In truth, not every transit agency has been equally enthusiastic about standardization. “The default position of a transit agency is to protect its data and not open it up in a way that is accessible for developers,” says Embark co-founder Hodge. In some cases, agencies had relationships with outside vendors who claimed contractual rights to schedule data. In others, agencies didn’t want to give the data away for fear of losing Google Adsense ad revenue on their own websites.

But to Moore, selling or advertising against schedule data is like charging for menus in a restaurant. “I have watched transit agencies try to monetize schedules for years and nobody has been successful,” he says. “Markets like the MTA and the D.C. Metro fought sharing this data for a very long time, and it seems to me that there was a lot of fallout from that with their riders. This is not our data to hoard—that’s my bottom line.”

It took “the power of Google,” in Hodge’s words, to break the logjam. By 2009, so many transit agencies had begun to use GTFS—and the data was turning up in so many places other than Google Maps—that Joe Hughes, a U.K.-based software engineer working on Google Transit, proposed renaming the standard. “Given the wide use of the format…the ‘Google’ in GTFS is increasingly a misnomer, one that makes some potential users shy away from adopting GTFS,” Hughes wrote in a forum post for Google Transit contributors. And he wanted the change to be more than cosmetic: Hughes said it was time to hand ongoing development of the specification over to the larger community of transit agencies and app developers.

The Boys on the Bus

It’s safe to say there’s been more innovation in the world of public-transit trip planning in the last four years than in the previous four decades. Take the example of OneBusAway, a real-time guide to the Seattle-area transit system created by Googler Brian Ferris back when he was a graduate student at the University of Washington.

OneBusAway on the iPhone

In its first, pre-GTFS iteration, OneBusAway was a mere side project for Ferris, something to fill his evenings during a summer research fellowship at Intel. The system used the old-fashioned File Transfer Protocol (FTP) to grab data from servers at King County Metro Transit. Riders could then get bus arrival times by keying in a stop number on their mobile phone.

But once Ferris decided to scale up the system to incorporate data from Sound Transit and other regional systems—and to base his whole PhD dissertation on the project—he needed to standardize. So he followed TriMet’s example. “The first major rewrite of OneBusAway for multi-agency support was to natively support GTFS,” Ferris says. “I didn’t want to have to keep reinventing the wheel.”

The change allowed Ferris to extend the system to the entire Puget Sound area. Today OneBusAway offers real-time bus, light-rail, and ferry arrival information for nine agencies in the region, and is accessible by Web, phone, and SMS, as well as smartphone apps for iOS, Android, and Windows Phone. Area commuters use it to plan 50,000 trips per week. While Ferris himself has moved on to Google, King County Metro Transit, Sound Transit, Pierce Transit, and UW recently committed $150,000 to keep the app running at least through the end of 2012. (That’s music to the ears of at least one Seattleite: Xconomy’s own Curt Woodward, who tells me that OneBusAway is “indispensable…hands down the only good way of navigating the bus system in Seattle.”)
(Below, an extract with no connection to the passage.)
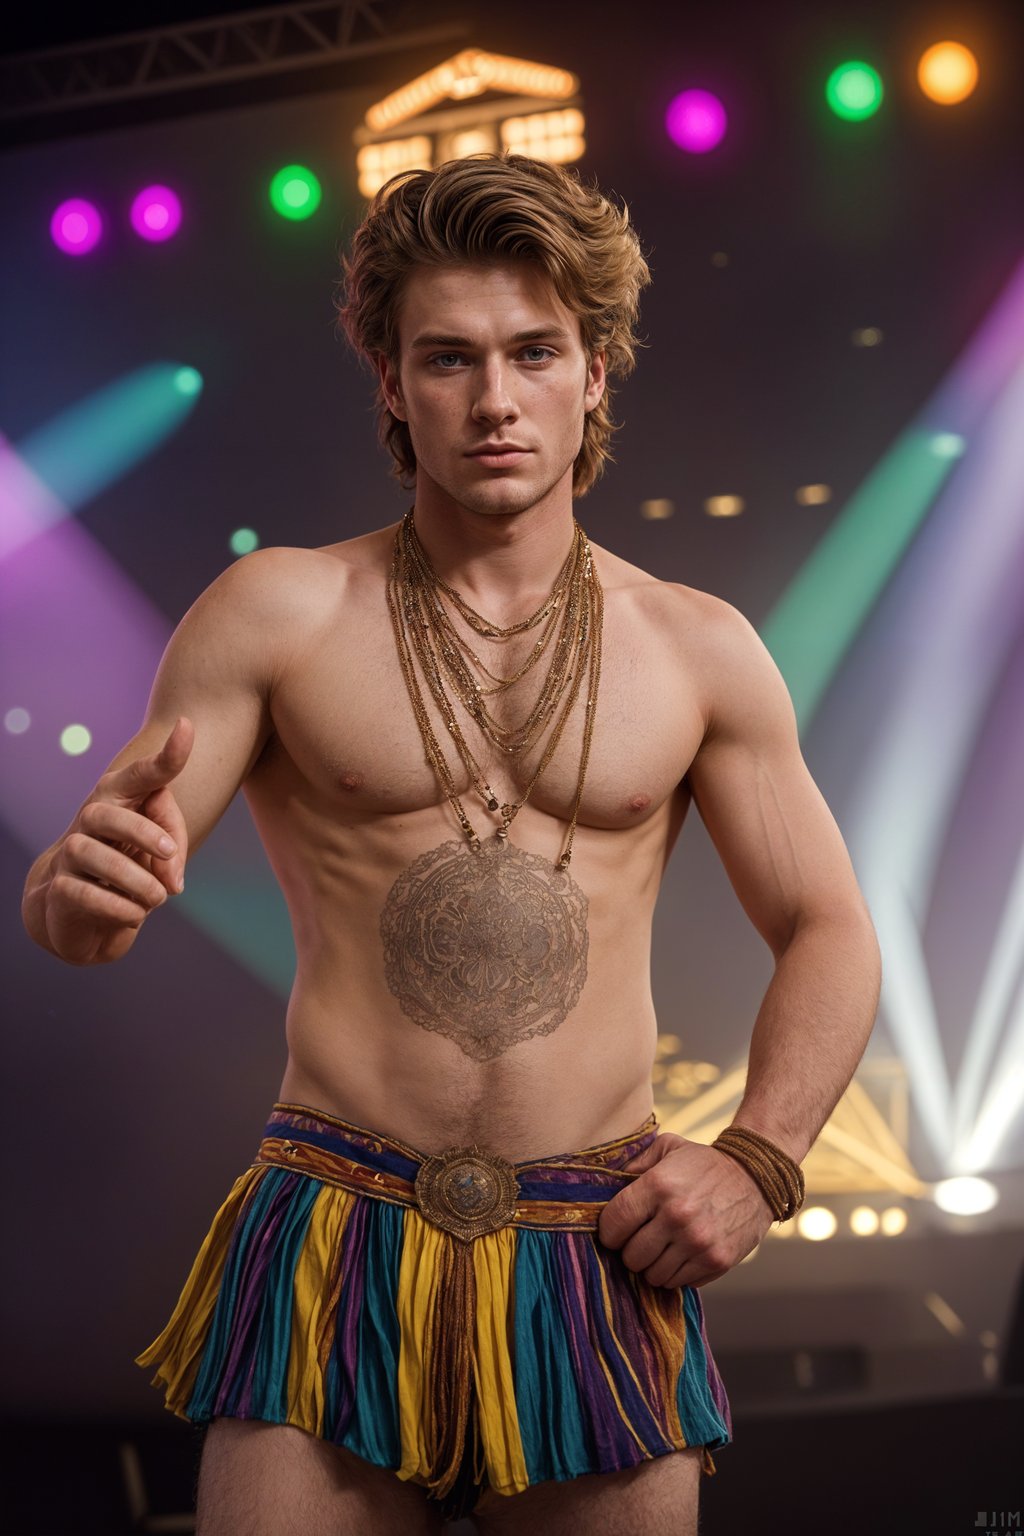 an incredibly attractive man in a festival outfit, embracing the festival vibes and posing against a backdrop of colorful stage lights and decorations

“I felt with OneBusAway that I was having a real impact on people,” Ferris says. “People would stop me on the street and say, ‘This is changing the way I live, the way I get around.’ Open data and standardization is what made that possible.”

Embark’s founder tells a similar story. Because its first application, iBART, used GTFS, the company was well positioned to build similar transit apps for other cities. “It certainly wasn’t easy going,” says David Hodge, who started the company with Ian Leighton three and a half years ago. “We had to convince a lot of transit agencies to give us their data. But it would have been much more of an uphill battle” if these agencies hadn’t already been using GTFS to send their data to Google Transit.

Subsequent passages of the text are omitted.